Review: A striking blend of science fiction and horror, Lifeforce is like an old-fashioned Hammer film on steroids! The foreign release version (European?) on DVD is a vast improvement over the American theatrical release on VHS. The London Symphony Orchestra music in Dolby digital 5.1 stereo is reason enough to add this to your collection. The plot is ludicrous though and loaded with unintentional humor. At least all the money is on the screen!

Rating: 3 stars
Summary: Should be in a standard sci-fi collection....
Review: This is one of the sci-fi films from the eighties that stands out to me. It seems to me that this film seems to be more concept-based than character-based, which is always a refreshing change. Many of the special effects, though, are dissapointing, even for 1985. The vampire-ghouls look and move more like freeze-dried muppets than like soul-eating horrors. Also, I can't decide whther to be happy or annoyed at my distraction every time the gorgeous Mathilda May appears. I will say this, though... usually when I watch a Vampire movie, I don't find myself lured by the seducitve female bloodsucker. May does a good job of being an effective evil temptation. I look at Railsback's character and figure... "heck, I don't blame the guy"

Rating: 1 stars
Summary: Calling It The SC-FI Equivalent of Ishtar Is Still Too Kind
Review: Talk about your cinematic debacles!! Man oh man does this film reek of the stench of god-awful quality oblivion, I've seen many films in my day but this movie is the epitome of tremendously pathetic filmmaking if I've ever seen it. Tobe Hooper (Texas Chainsaw Massacre, Eaten Alive, Poltergeist) should have certainty known better when he made this humiliatingly deplorable Sci-Fi Epic to end all others.
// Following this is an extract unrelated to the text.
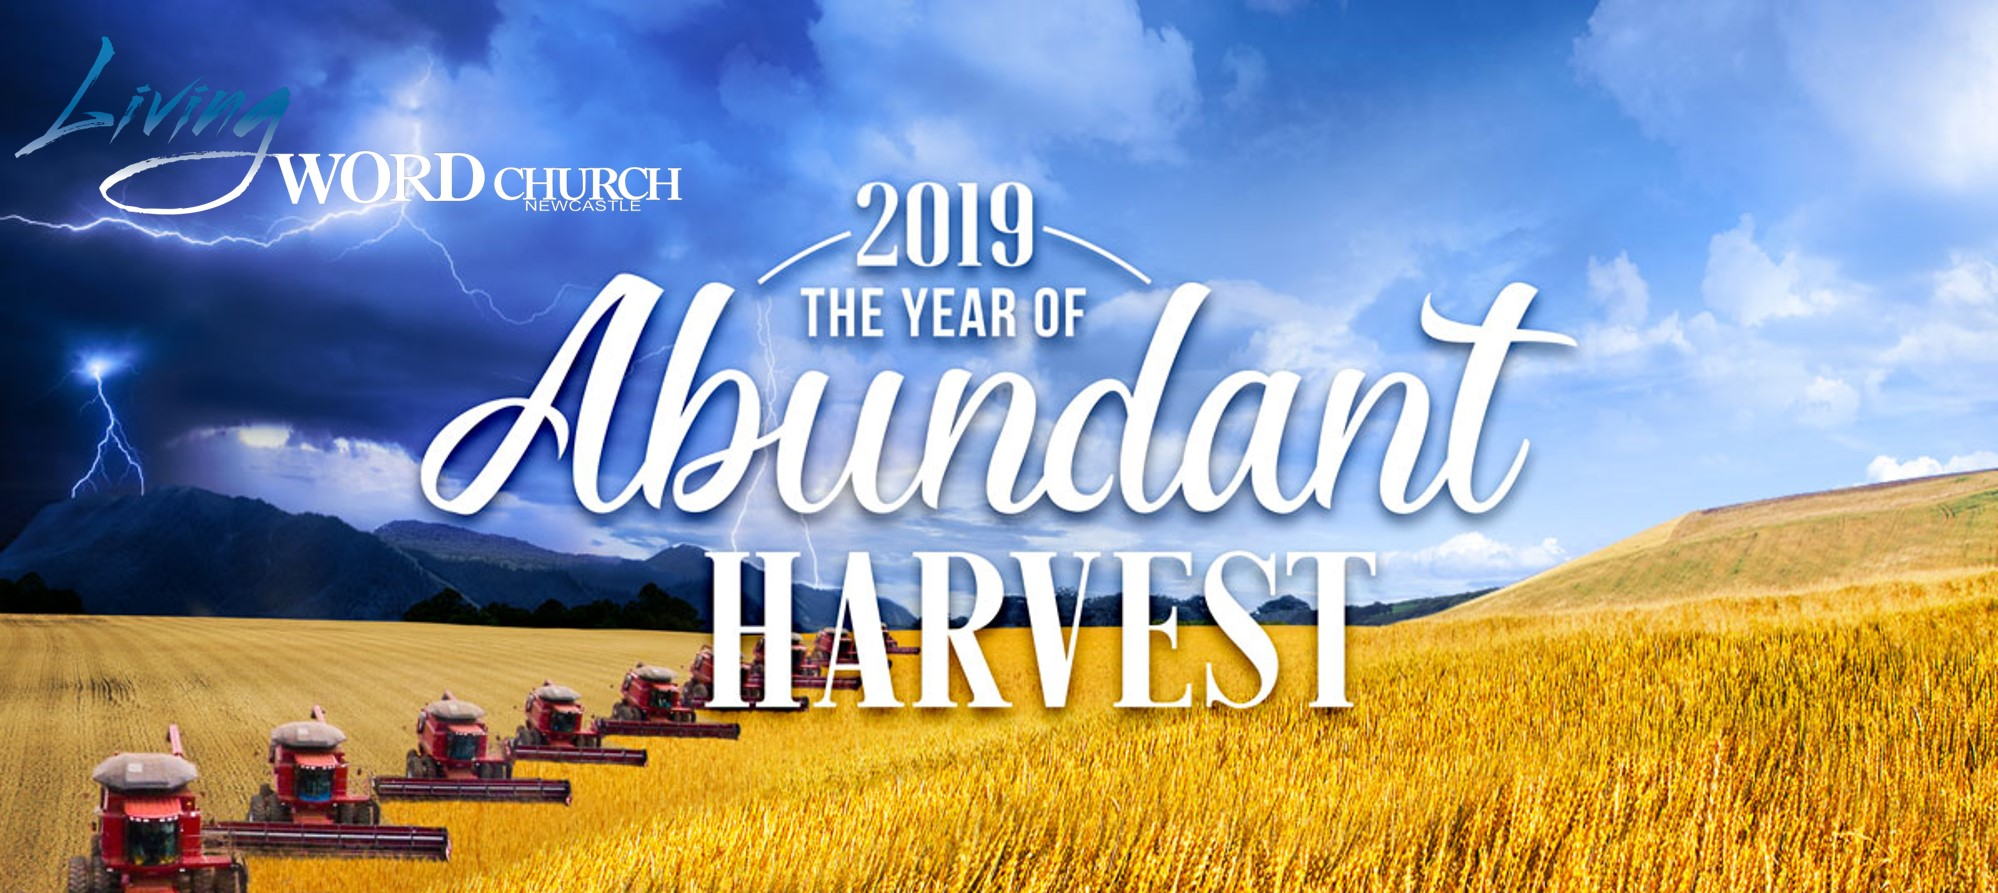 2019 The Year of Abundant Harvest
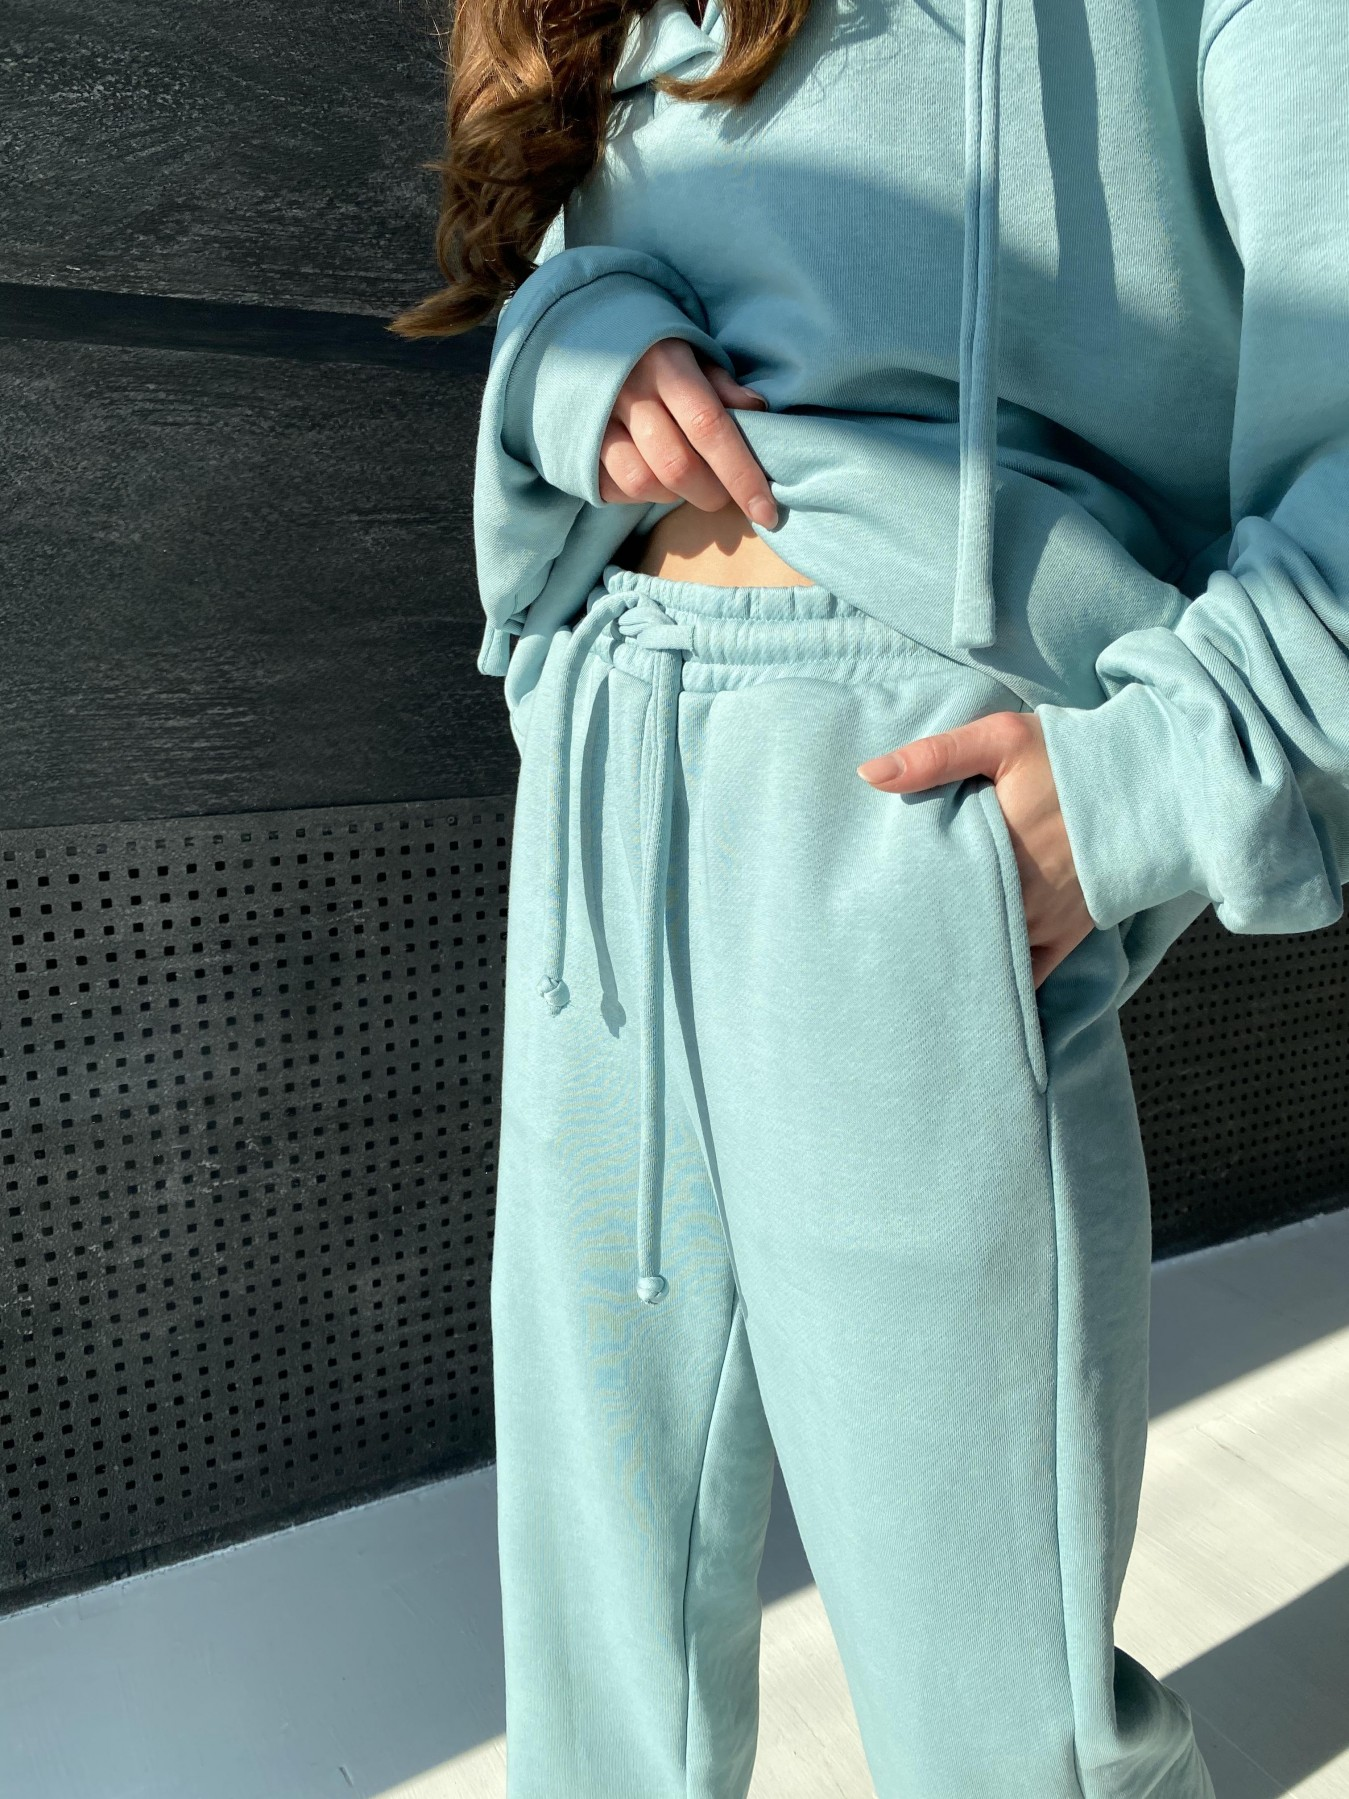 Ярис костюм из 3х нитки 10789 АРТ. 47264 Цвет: Олива - фото 4, интернет магазин tm-modus.ru

Personally I've seen Mystery Science Theater 3000 movies that are leagues better than this film in character development, plausibility, musical accompaniment, direction, acting, and about anything thing else that really counts. Gosh, Manos the Hands of Fate was a more entertaining than this disgusting blemish of a film. With a substantial production budget, direction by Tobe Hooper, special effects by genre legend John Dykstra (Star Wars), and the screenplay written by the Sci-Fi legend Dan O'Bannon (Alien), you would at least pray they could have concocted something more substantial than a atrociously dreadful Space Vampire Disaster Epic that has great visual effects, sets in Pinewood Studios (where the Bond films were shot), and stars a stark naked space vampiress (for almost the entire film) played by Mathilda May. What's so troubling is this film blunders every conceivably enjoyable film element into a cataclysmic floundering that I will never ever forget no matter how much I may try.

Though Lifeforce does have a fine DVD presentation, I wouldn't even bother dredging this stinkball from depths of quality purgatory unless you're in the mood for unbelievable torment brought to you in the comfort of your own home. Not even the Pope could pardon this debacle.